A creditors’ main goal is to lend you money and to collect it, so they’re not the biggest fan of chasing those who fall into arrears. As such, sometimes they’ll pass arrears on to other companies.

Being in debt can get confusing as it is, but especially so if a situation arises where you owe money to your mortgage lender, then a letter comes through your door from a company you’ve never heard of asking you to make payments to them instead.

This is what’s known as a Notice of Assignment (NOA). They are sent to inform you that a third party has bought a debt that you owe from the company you borrowed it from.

If your debt is assigned to a new owner, they will then take over the previous company’s responsibility for debt collection and will sometimes hire a collection agency to work on their behalf.

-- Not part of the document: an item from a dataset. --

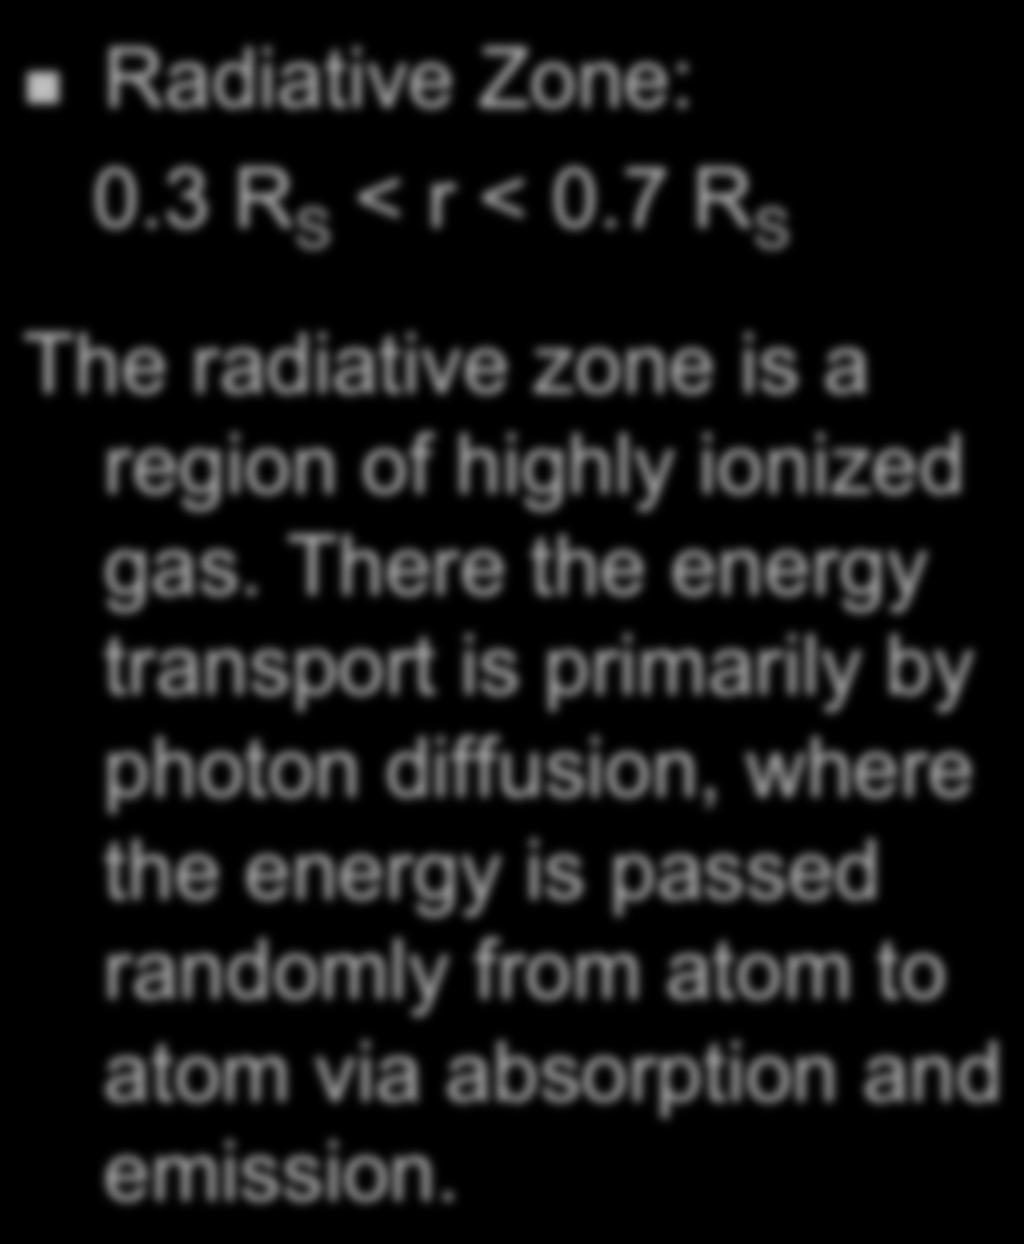 " Radiative Zone: 0.3 R S < r < 0.

Why choose Carrington Dean?

  • Write off unsecured debts over £5,000.
  • Stop interest and charges soaring.
  • Reduced payments from £85 per month.

Types of assignment

There are two types of assignment that a creditor can make – Legal and equitable.

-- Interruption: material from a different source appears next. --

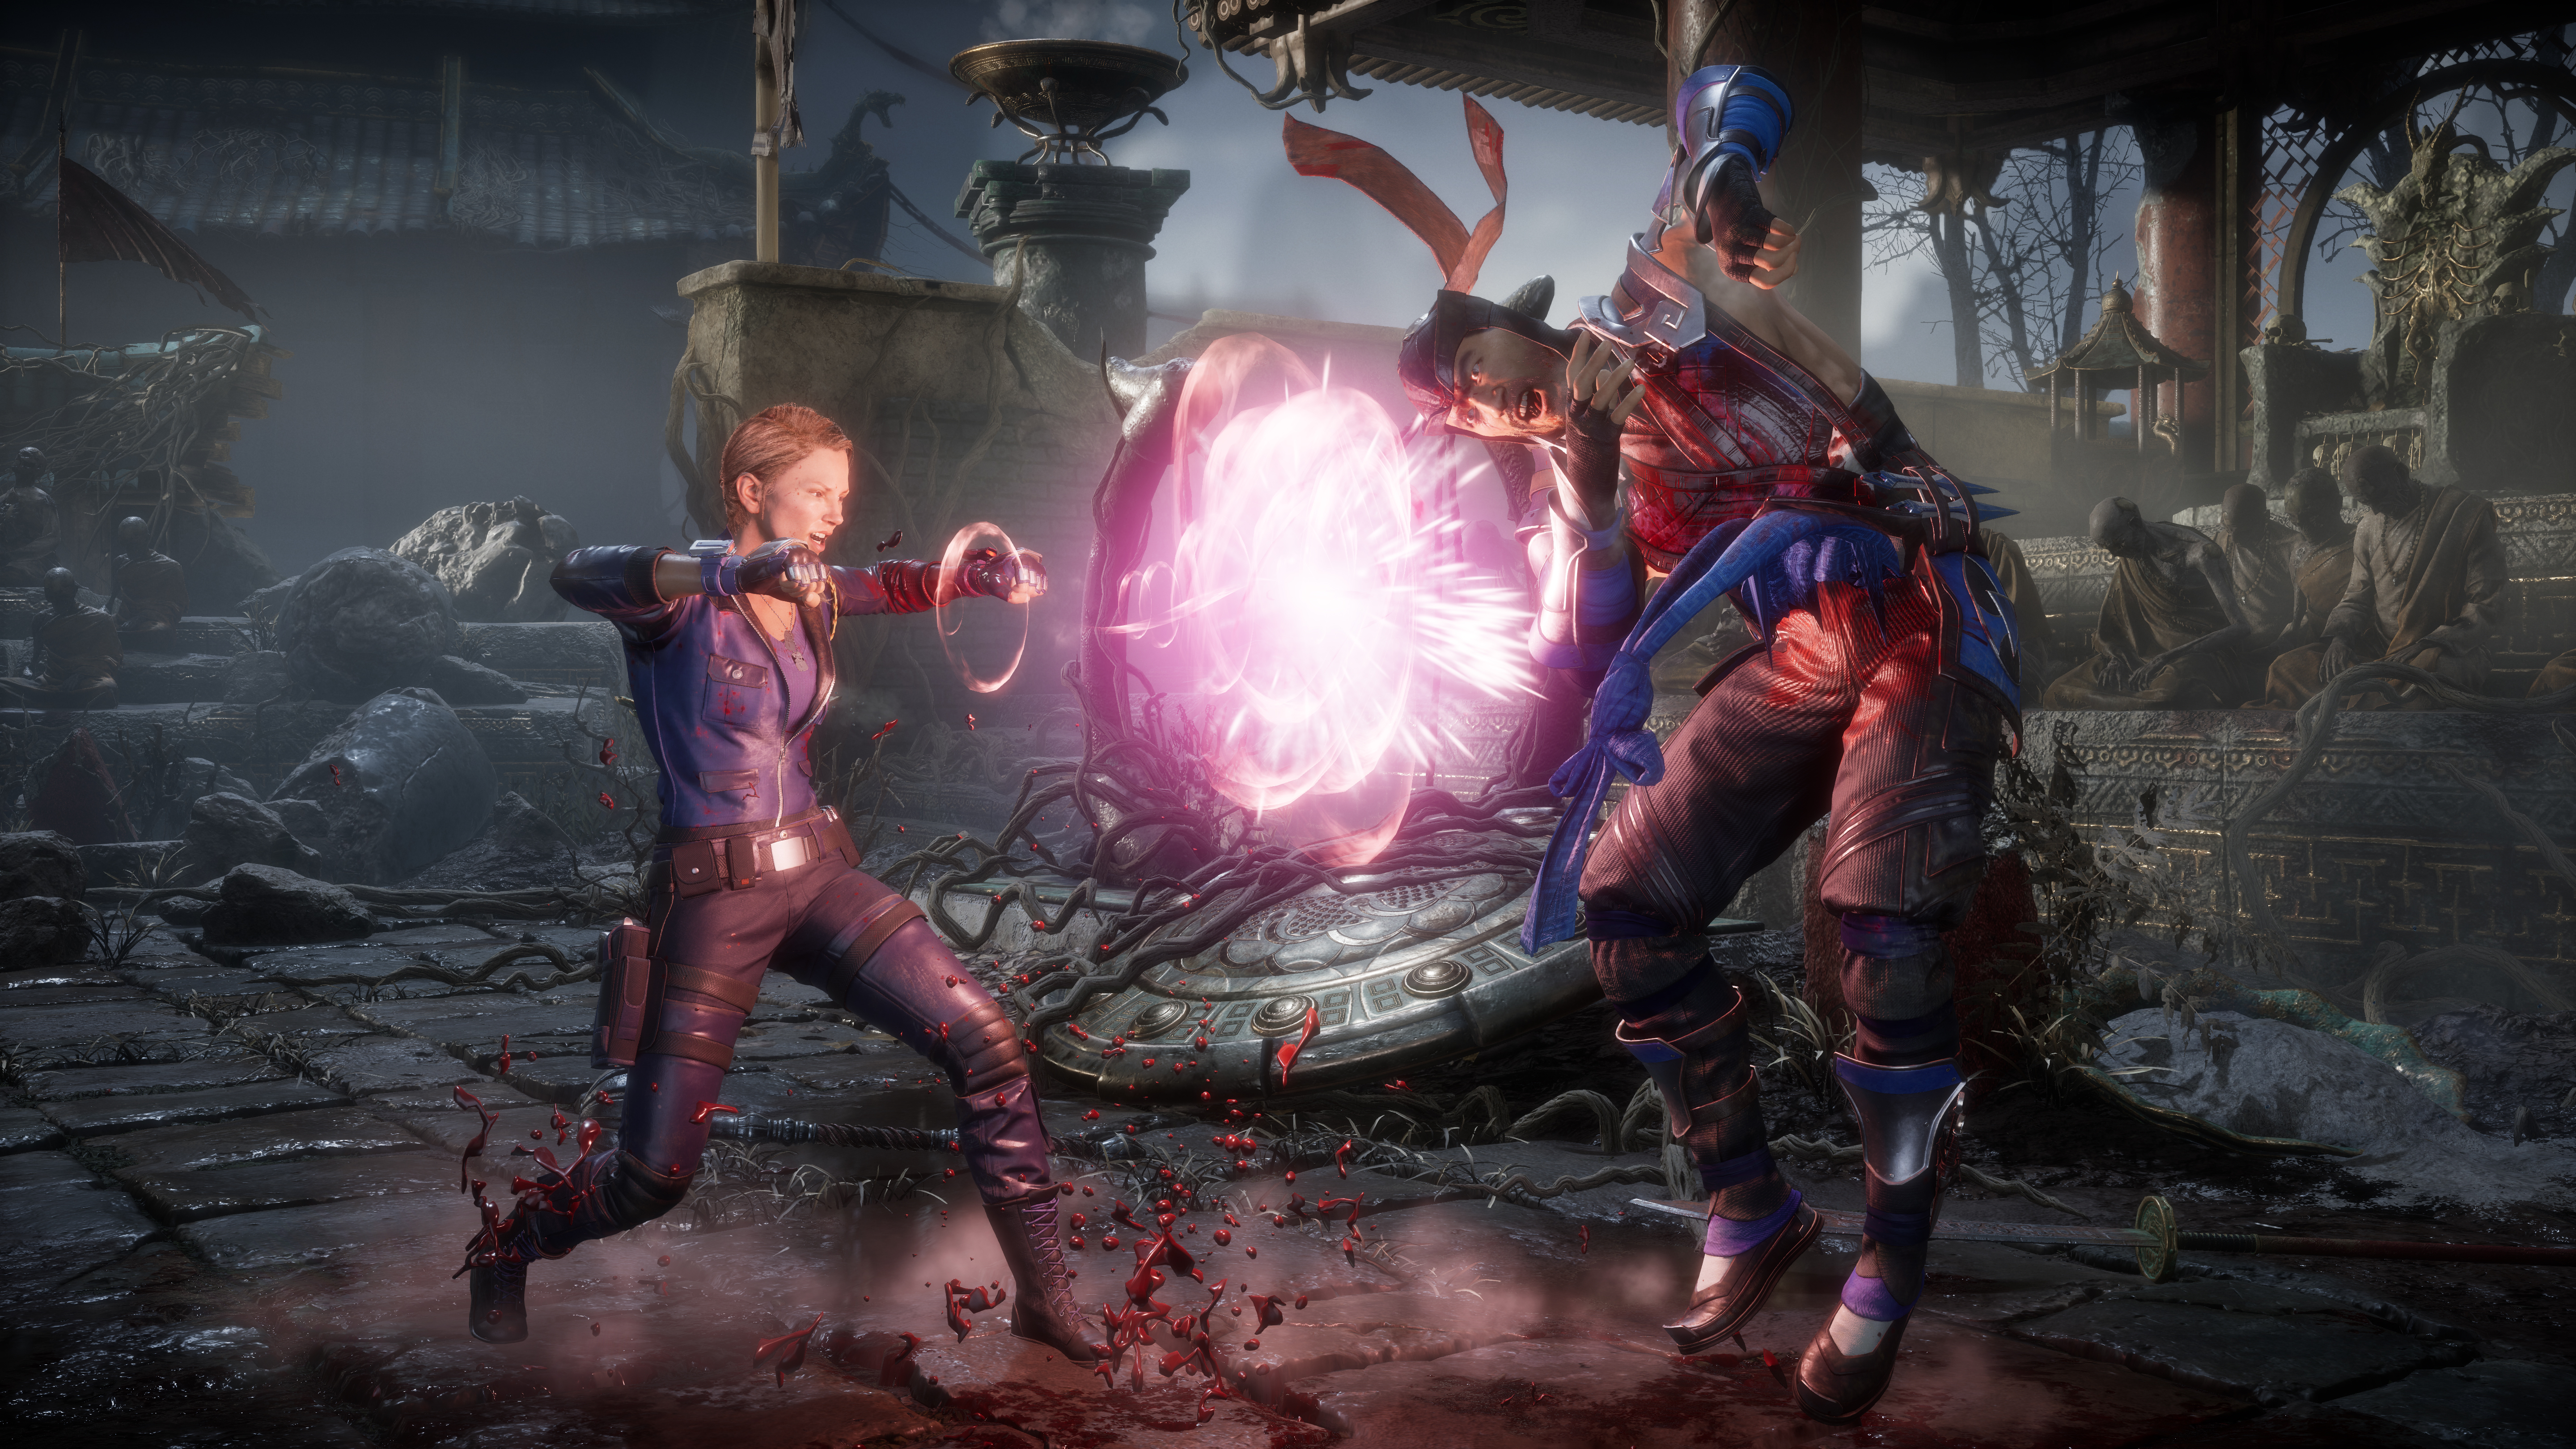 Mortal Kombat 11 vai suportar cross-play entre PS4 e Xbox One

Both of them fall under the Law of Property Act 1925 and both require the creditor to notify you of the change in writing.

It also isn’t possible to assign only part of a debt to a third party. If a creditor is ‘selling’ your debt, they have to sell the debt as a whole, and that debt will become one of the purchasing company’s obligations.

We set out the differences between legal and equitable assignments below.

Legal

A legal assignment gives the purchasing party the power to enforce the debt. You will also then make payments to this company instead of the original creditor.

Equitable

When a debt goes through an equitable assignment, it is only the amount owed that is transferred. In these instances, the purchasing company cannot enforce the debt and the original creditor will still retain their original rights and responsibilities.

Why do creditors sell debts?

One of the most common questions asked when a notice of assignment is received is why? Why have they sold it and how can they?

The answer is that is it is actually perfectly legal for them to sell your debt to another company.

When you sign a credit agreement there will have been a clause within the fine print. This will have stated that they are able to assign their rights to a third party.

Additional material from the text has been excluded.